7. U.S. travelers are bringing the viral disease back with them. These imported cases happen when a person is infected elsewhere and then visits or returns to the United States. “The first travel-associated Zika virus disease case among U.S. travelers was reported in 2007,” says Haynes. “From 2007 to 2014, a total of 14 returning U.S. travelers had positive Zika virus testing performed at the CDC.” He adds that in all of 2015 and in 2016 to date, more U.S. travelers have tested positive for the Zika virus. “The CDC is still receiving specimens for Zika virus testing from returning U.S. travelers who became ill in 2015 or 2016,” he cautions, which means the counts are getting higher.

To date, the CDC has reported 426 travel-linked cases of Zika in U.S. states (including 36 pregnant women) and 596 cases of local infections in U.S. territories (of whom 56 are pregnant women).

8. Travelers probably won’t bring infected mosquitoes along with them. “It’s extremely unlikely that mosquitoes would be carried back to the United States by citizens traveling abroad,” says Jim Fredericks, PhD, chief entomologist and vice president of technical and regulatory affairs for the nonprofit National Pest Management Association in Fairfax, Virginia. “As adults, mosquitoes are a relatively fragile insect that doesn’t travel very well.
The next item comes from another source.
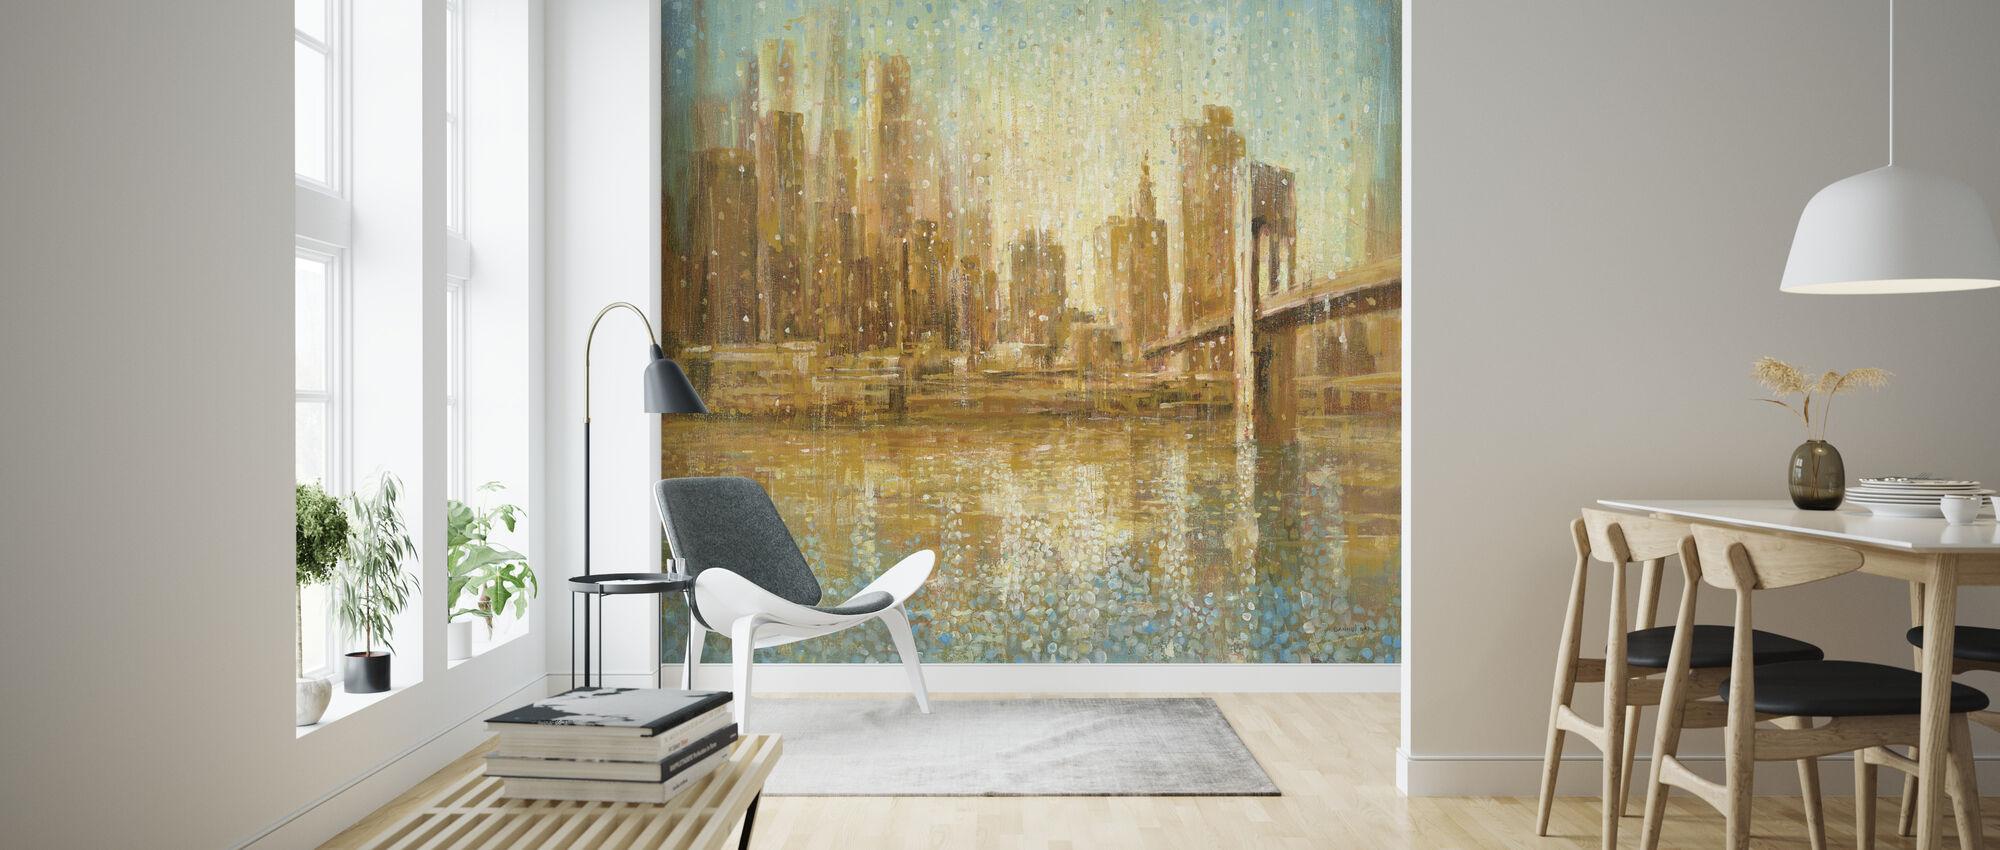 Champagne City - Wallpaper - Living Room

In addition, since only a fraction of the total mosquito population in Zika-endemic areas carries the virus, it’s even less likely for an infective mosquito to be brought back alive,” he says. The bigger concern is that a person infected with the virus could pass it along to local mosquito populations.
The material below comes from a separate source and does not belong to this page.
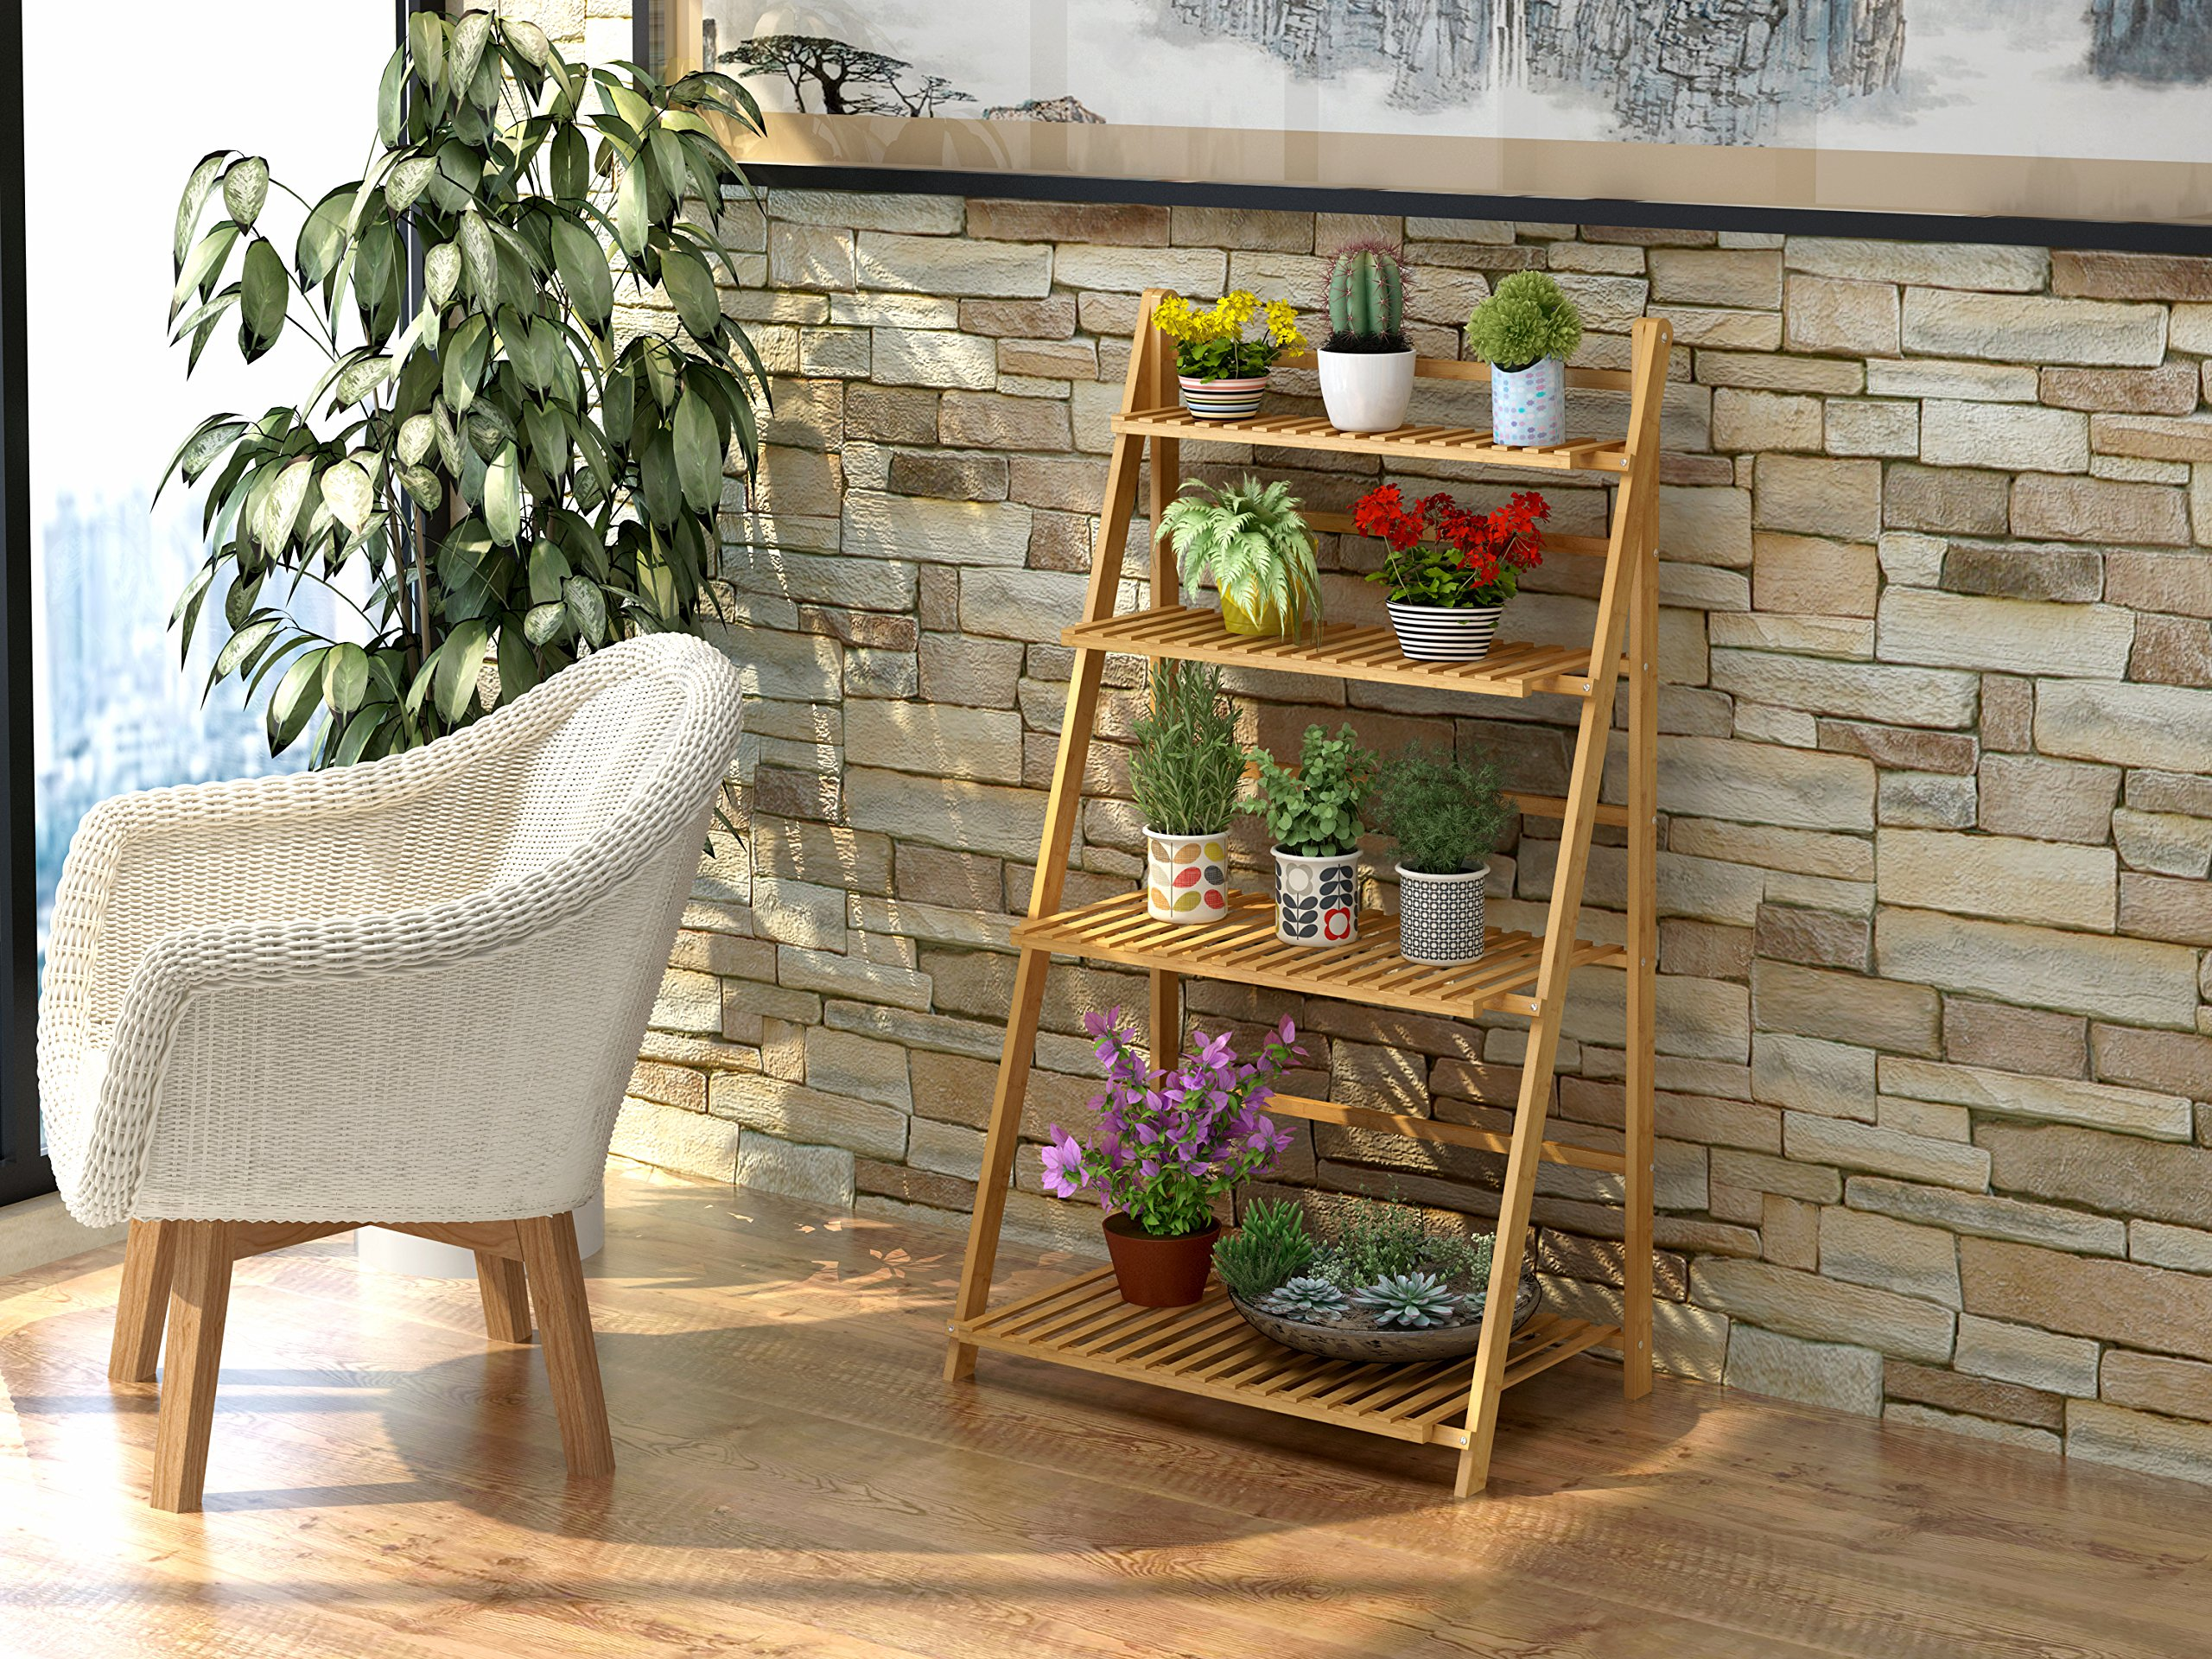 Polar Aurora Plant Flower Stand Rack Shelf 4-Tier Bamboo Foldable Pot Racks Planter Organizer Display Shelves by Polar Aurora

9. You can help prevent Zika infection by using insect repellents. Travelers going to areas with current Zika outbreaks can take steps to avoid catching the virus. “The best way to avoid mosquito bites is to use a repellent containing picaridin, oil of lemon-eucalyptus, at least 20 percent DEET, or IR3535 when venturing outdoors, especially near dawn and dusk when mosquitoes are most active,” says Dr. Fredericks. Check which products are most effective in the Consumer Reports' newly updated insect repellent ratings. “Whenever possible, it also makes sense to wear long sleeves and pants when outside during these times,” he says.
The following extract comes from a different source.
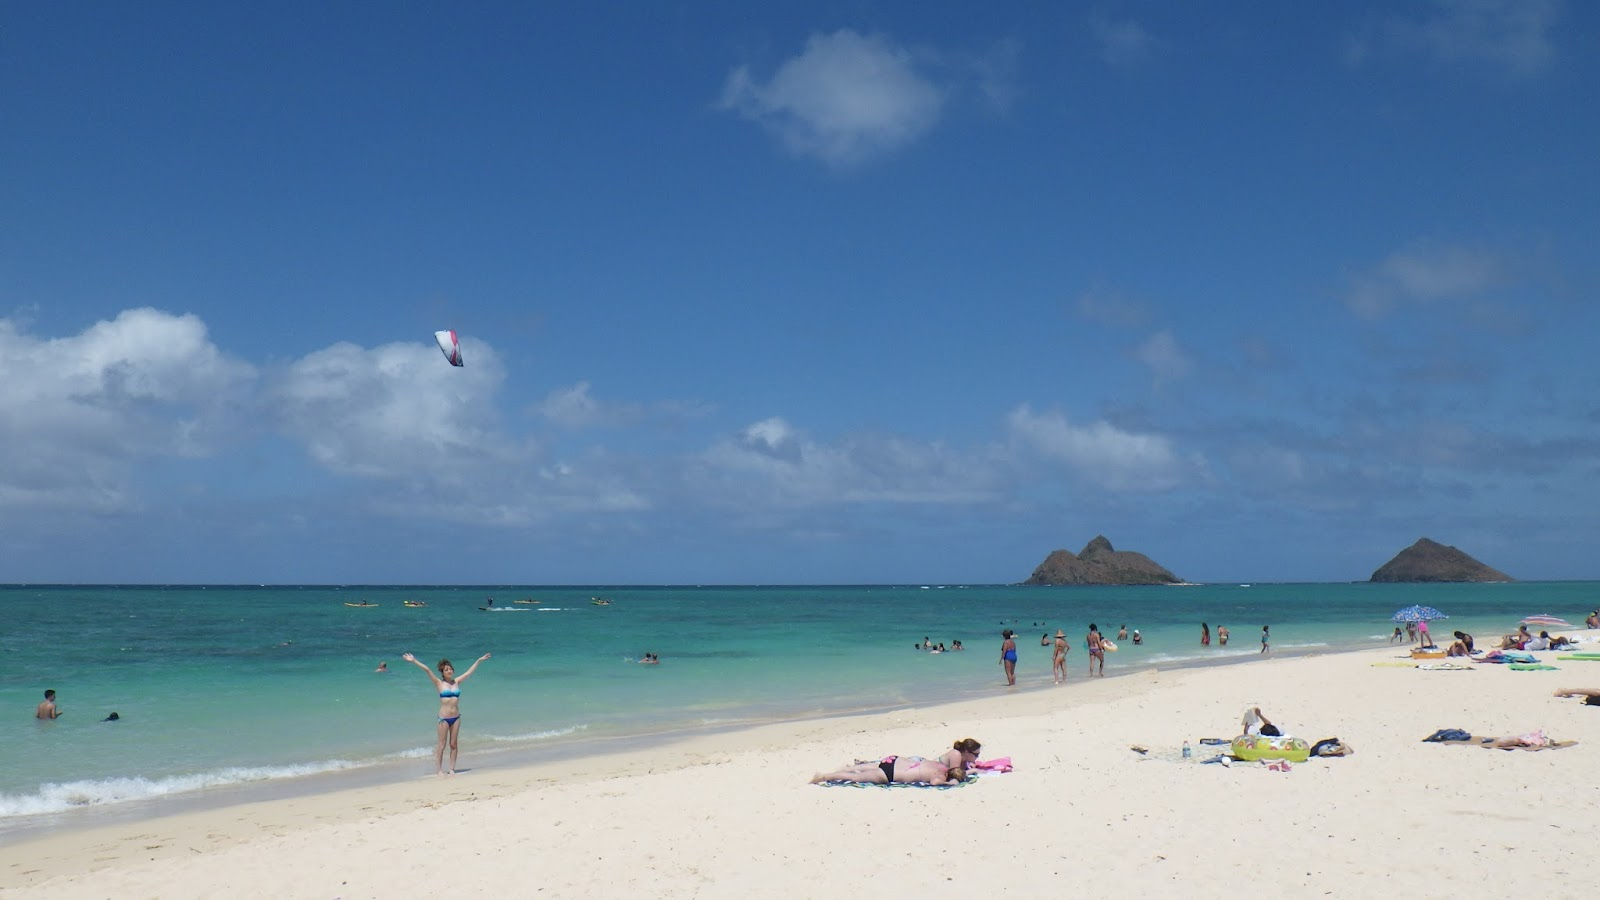 Frogma Hawaii 2015 Day 4 Part 2 A Nice Assortment Of Stuffs

10. Mosquito control can help prevent Zika. Controlling the insect vector by cutting down on mosquito breeding is one way to prevent spread of this and other mosquito-borne viruses. Breeding sites include water-filled habitats like plant containers and toilets inside the home, and puddles, birdbaths, and pooled water outdoors. Chemical pesticides can kill mosquitoes, but use them carefully to prevent contamination that could be harmful to your health, notes the CDC".